**RECORDS FOR PROCESSING**:
* * * * * * *

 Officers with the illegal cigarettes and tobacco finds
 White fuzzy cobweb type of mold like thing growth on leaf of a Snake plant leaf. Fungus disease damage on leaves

* * * * * * *

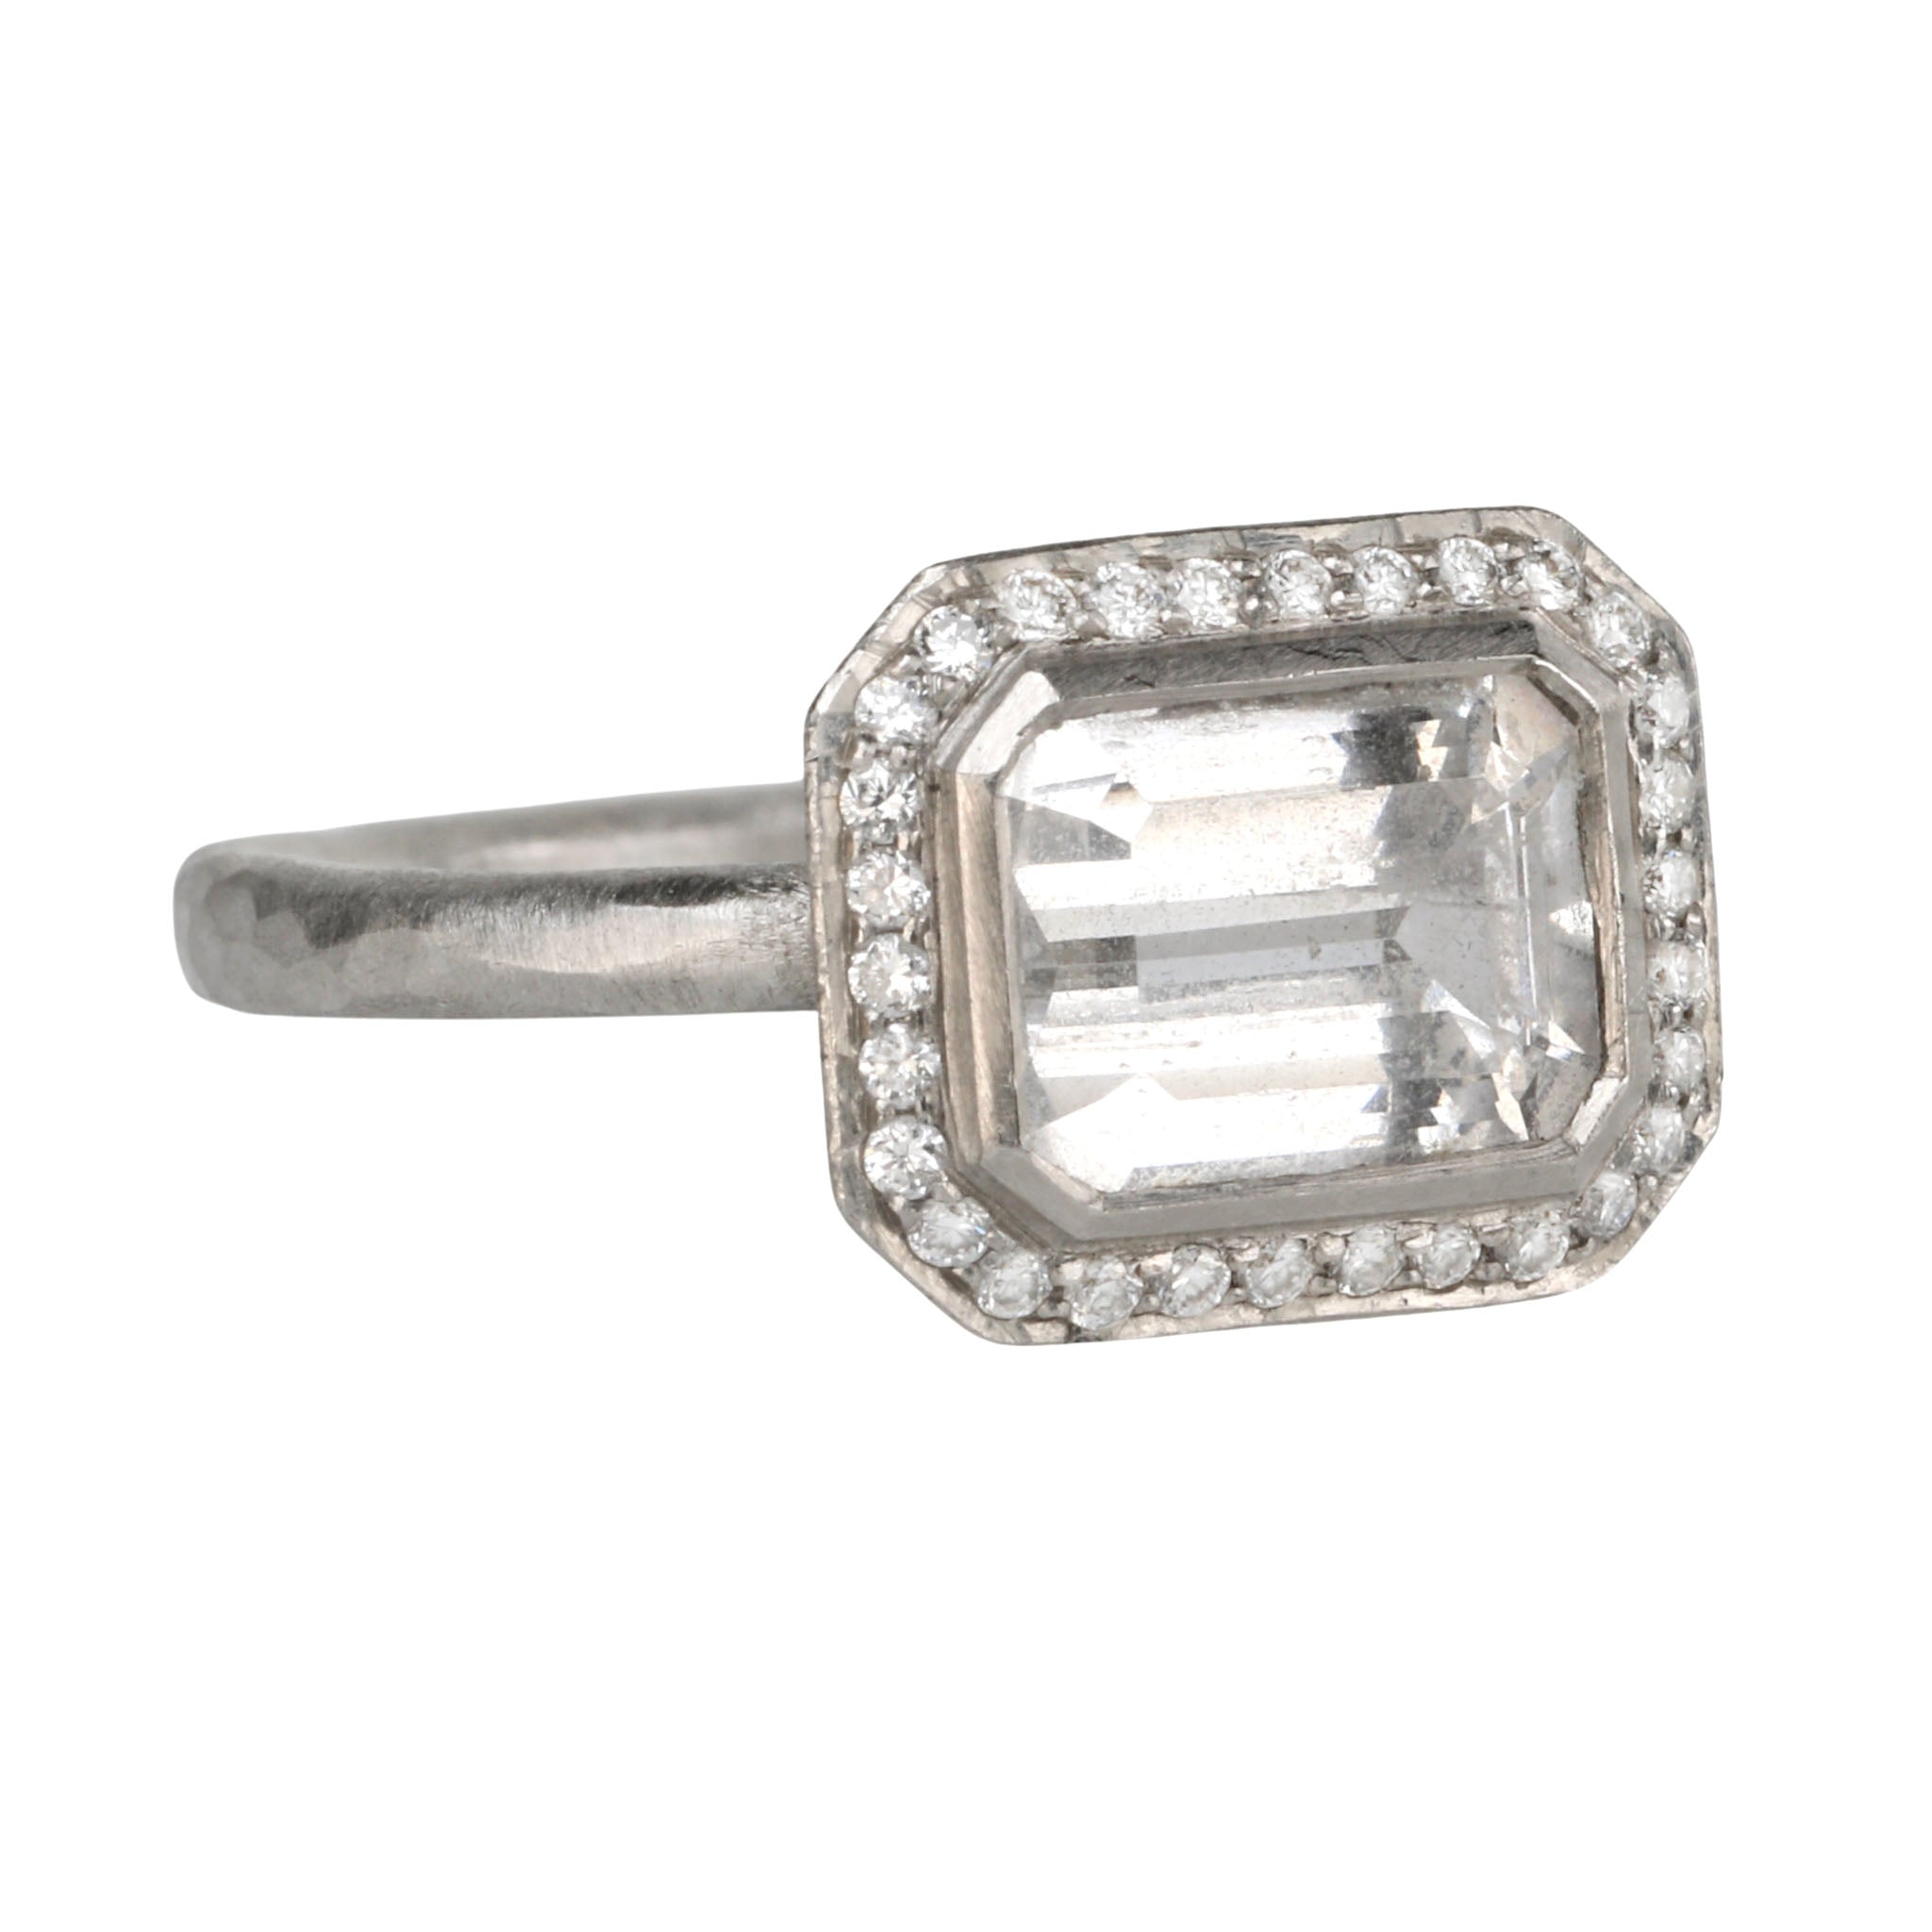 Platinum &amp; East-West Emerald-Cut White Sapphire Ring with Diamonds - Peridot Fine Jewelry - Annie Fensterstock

* * * * * * *

**PROMPT**: Copy out the lines above exactly, beginning at the one that contains "Officers with the" and ending at the one that contains "White fuzzy cobweb".

**TASK OUTPUT**:
 Officers with the illegal cigarettes and tobacco finds
 White fuzzy cobweb type of mold like thing growth on leaf of a Snake plant leaf. Fungus disease damage on leaves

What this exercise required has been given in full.